Brookes a obtenu une commission dans la Royal Naval Division - une unité terrestre. Fin septembre, Brookes s'est entraîné dans le Kent et en octobre, avec son peloton, il s'est embarqué pour la France. Son unité, le bataillon Anson, division navale royale, a reçu l'ordre de déménager en Belgique pour aider à endiguer l'avance allemande sur Anvers. Ils se sont heurtés à un flux de soldats belges en fuite et de réfugiés. Brookes et ses hommes étaient temporairement installés dans un château du Vieux-Dieu. Après avoir déménagé dans des tranchées belges, le château a été touché par l'artillerie allemande. Toute l'unité a reçu l'ordre de se retirer et après avoir pris un train pour Ostende, elle est retournée à Douvres le 9 octobre.e. Cela n'avait pas été une introduction particulièrement glorieuse à la guerre.

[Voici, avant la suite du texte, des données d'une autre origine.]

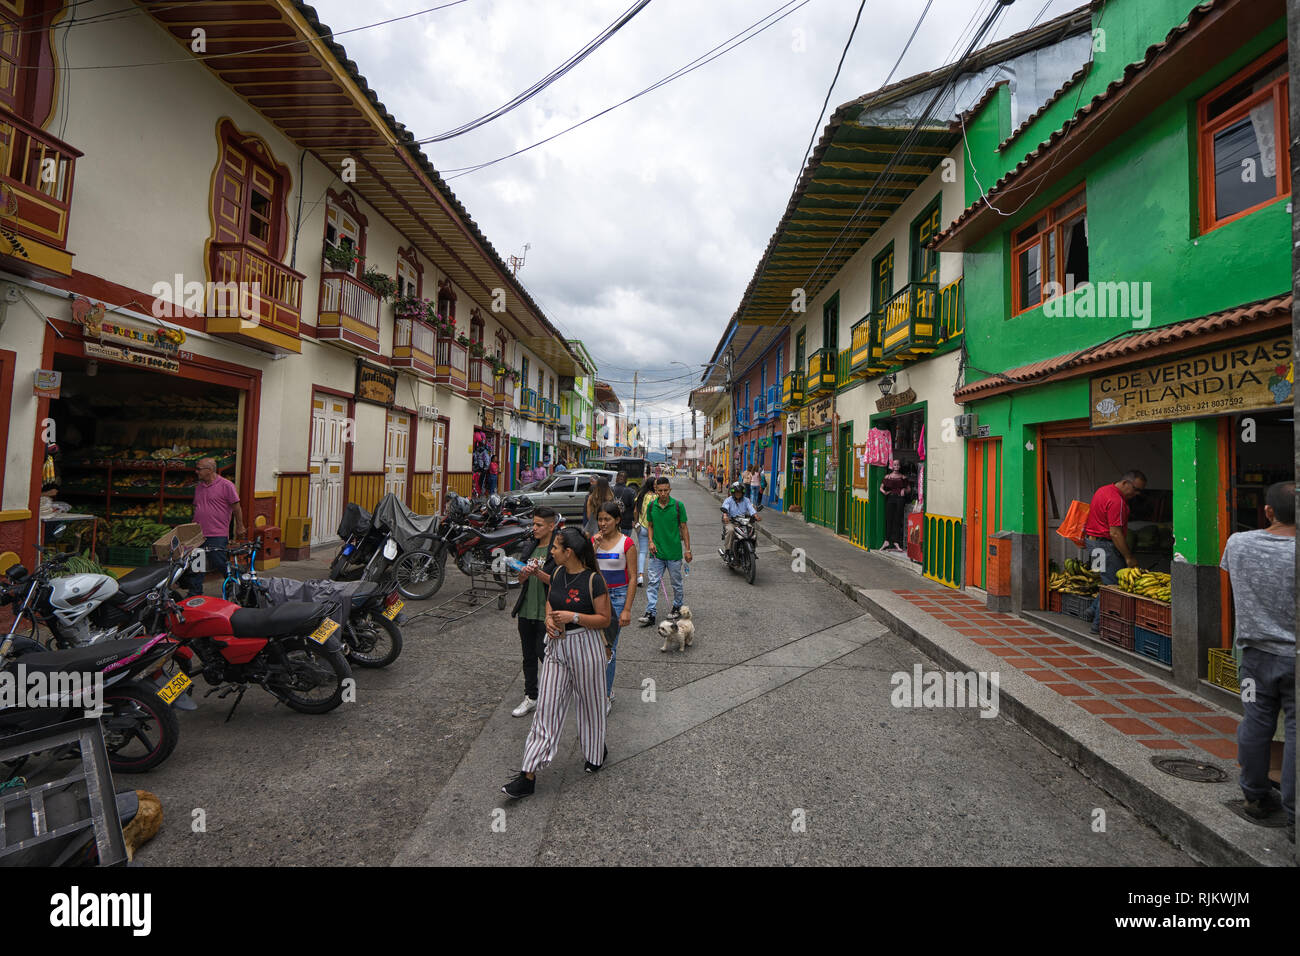 Filandia, Colombia- September 9, 2018: tourists walking on the street flanked by colourful houses in the center of the town Stock Photo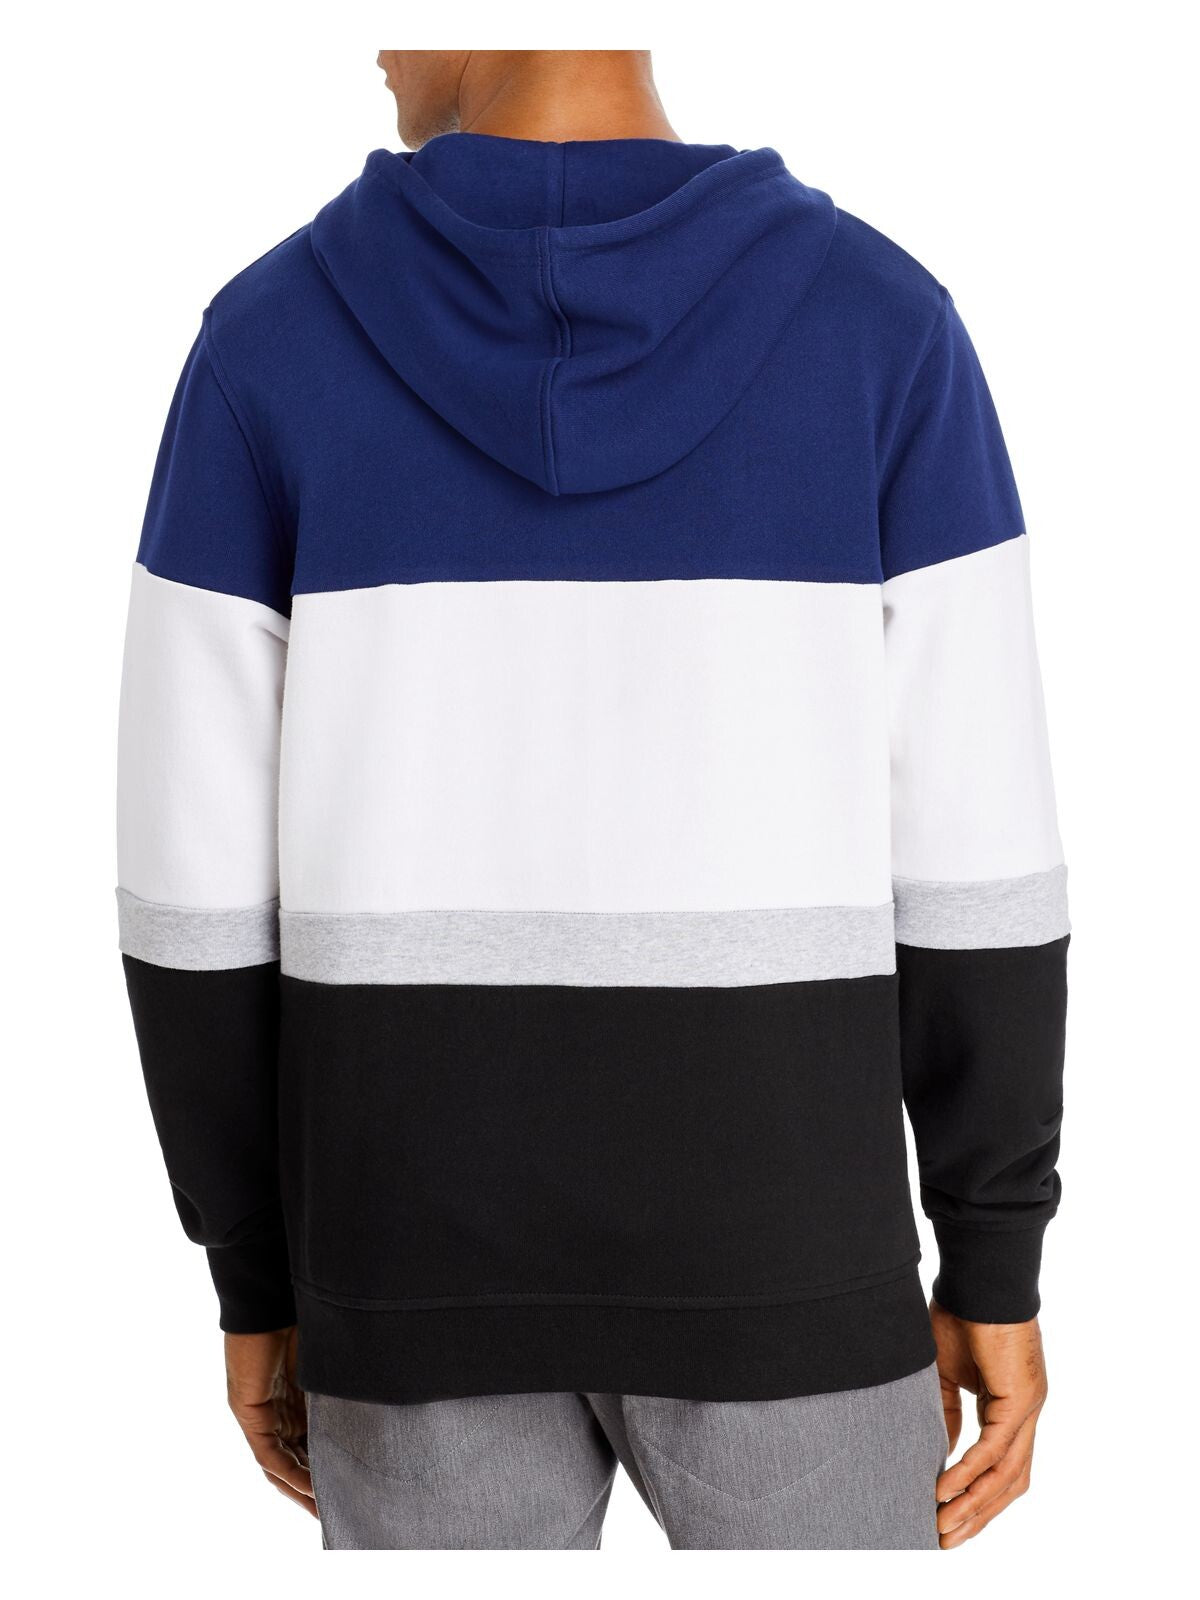 Pacific and Park Mens Navy Color Block Classic Fit Draw String Hoodie S

Les écrits de Brookes à cette époque de la guerre étaient typiquement patriotiques. Il a écrit que combattre les Allemands était ce que Dieu voulait qu'il fasse; il considérait sa «vie» d'étude et de voyage comme frivole. En particulier, il a estimé que le peuple belge avait été lésé par le gouvernement allemand et a entrepris de corriger ce tort.

Brooke a passé le novembre 1914 à Blandford dans le Dorset. Il a passé son temps à s'entraîner. Lorsque Brookes ne faisait pas cela, il a écrit des sonnets. Au cours de la nouvelle année 1914/1915, Brookes a séjourné au château de Walmer dans le Kent ou de retour au rugby. En février 1915, alors qu'il se remettait d'un rhume fébrile, Brookes passa neuf jours à se remettre au 10, Downing Street.

Le 20 févriere 1915, Brookes découvre que son unité est à destination de Gallipoli. Il a écrit: «Je n'ai jamais été aussi heureux.» Il semble que l'idée de se battre pour soulager Constantinople ait séduit le côté romantique en lui. Cependant, lui et ses hommes n'ont jamais atteint Gallipoli. Après divers arrêts et retards dont une visite aux Pyramides. Brookes a atterri à Lemnos. Il est tombé malade et le personnel médical attaché à son unité a diagnostiqué une infection causée par une piqûre de moustique. Malgré l'aide d'une équipe médicale française, rien n'a pu être fait pour Brookes et il est décédé le 23 avrilrd 1915. Trois jours plus tard, Winston Churchill écrivait dans «The Times»:

"Il était tout ce que l'on souhaiterait aux fils les plus nobles d'Angleterre à l'époque où aucun sacrifice mais le plus précieux n'est acceptable."